When you print, in parallel, (CUDA) all of the threads fire at once.
This makes it very difficult when printing output, so as to trace a variable, because the output is essentially out of order.
Instead of:
You get:
You can imagine how difficult this is when you have dozens of threads running 10s of lines of code pushing literally 1000s of lines of output.
So far I've just been printing all of a kernel's variables in one line.
I've already run into problems doing this which can be seen
here
The only other solution I can think of is to tag each line, output to a text file, and write a program to re-order the data. This would be incredibly time consuming and process heavy.
Is there any better way to print data to trace variables when the prints are firing in parallel? I am using Nvidia's cuda toolkit in plain C.
Make sure you include a '\n'
at the end of every print statement, and tag every line with the thread info.

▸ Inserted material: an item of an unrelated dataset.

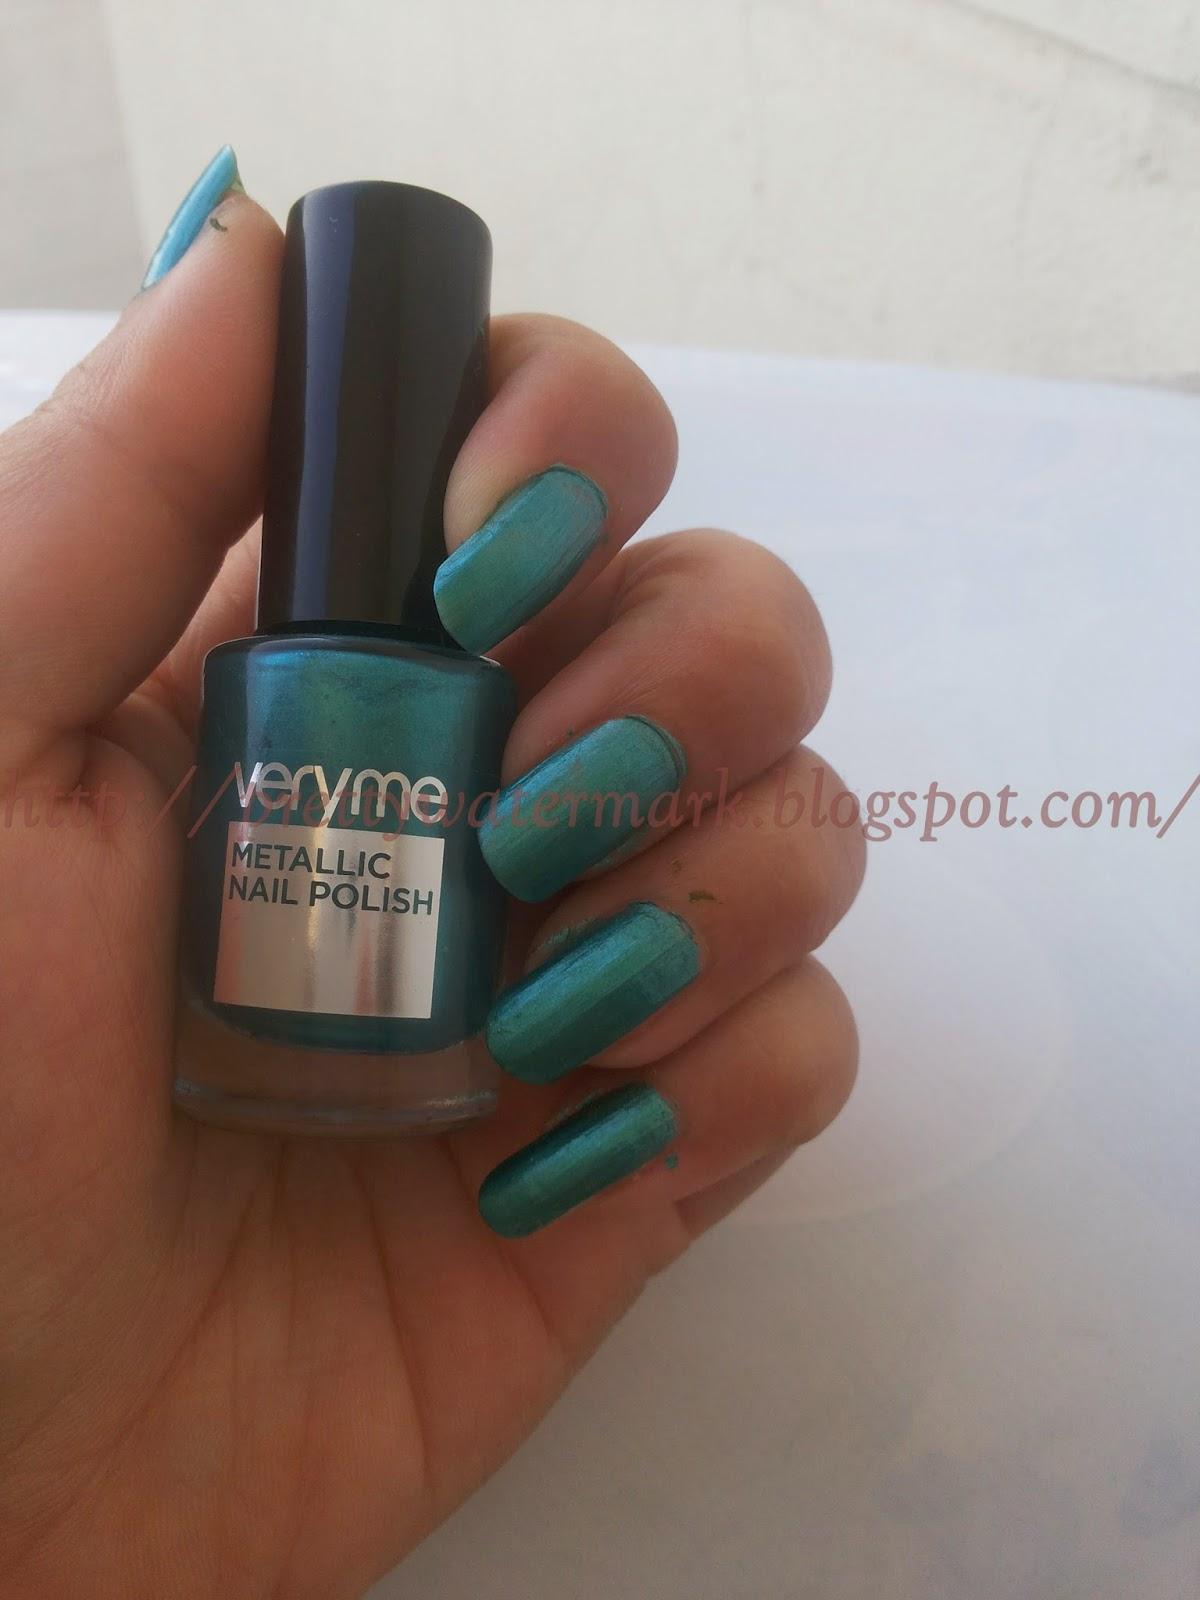 On My Nails Today-Very Me Metallic Nail Polish-Aqua Green | Latest ...

I use the following code to do printing.
#define println(format, ...) \
printf("T:%02i W:%02i B:%02i Line:%4i " format "\n", \
threadIdx.x, threadIdx.x / 32, blockIdx.x, __LINE__, __VA_ARGS__)
//note no trailing ;
If you do your printing in a single printf
statement with a trailing \n
, CUDA will always print that line separate from the lines of other threads and never intermingles prints.

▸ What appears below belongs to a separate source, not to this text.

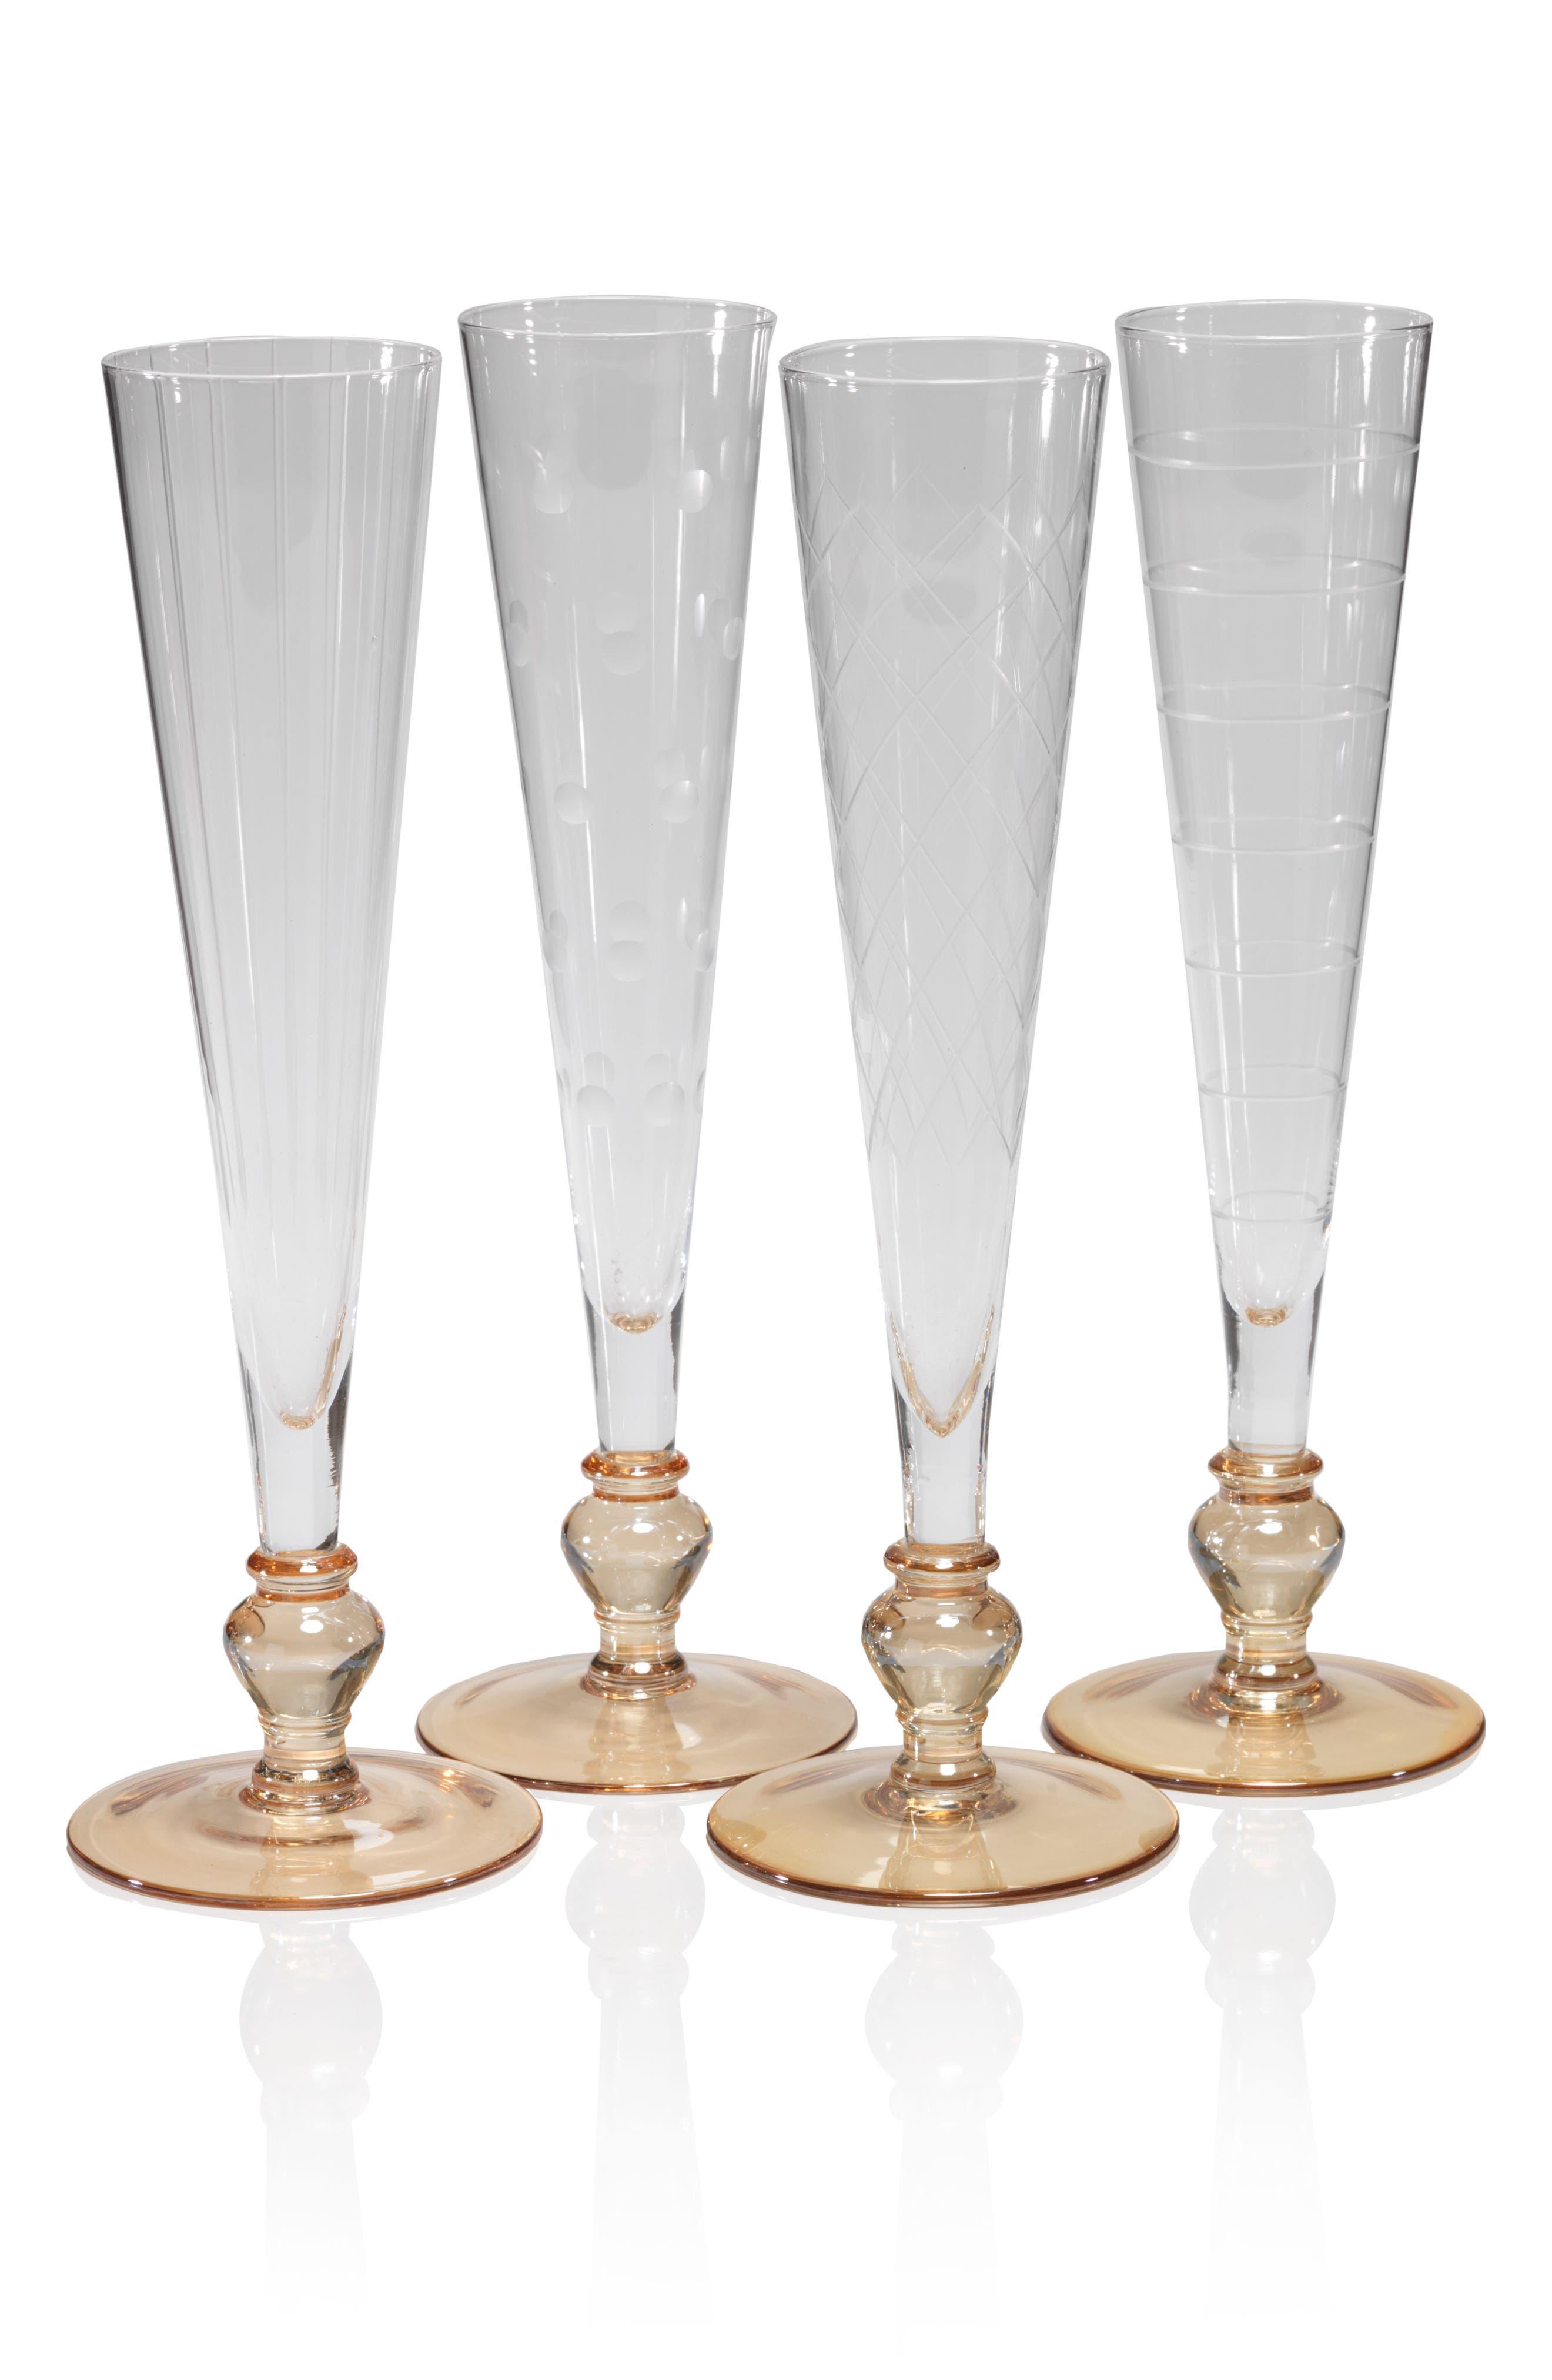 Tatiana Set of 4 Champagne Flutes,                         Main,                         color, Amber

Do not split the printing into multiple lines, because then output from other threads will be interspersed.
If you find that you need more arguments than the 32 - 4 = 28 that you have, then you and do a format
, create some substring, and use a %s
argument to paste in your printf
. Or, even better just print more lines.
This can make your output more verbose, but you can always post process them. The labeling of thread info is vital, because otherwise the output is useless for debugging.
That said, I would advise against reordering the output in post processing, because you lose the ordering info (which threads run in what order), that can be very useful when debugging issues.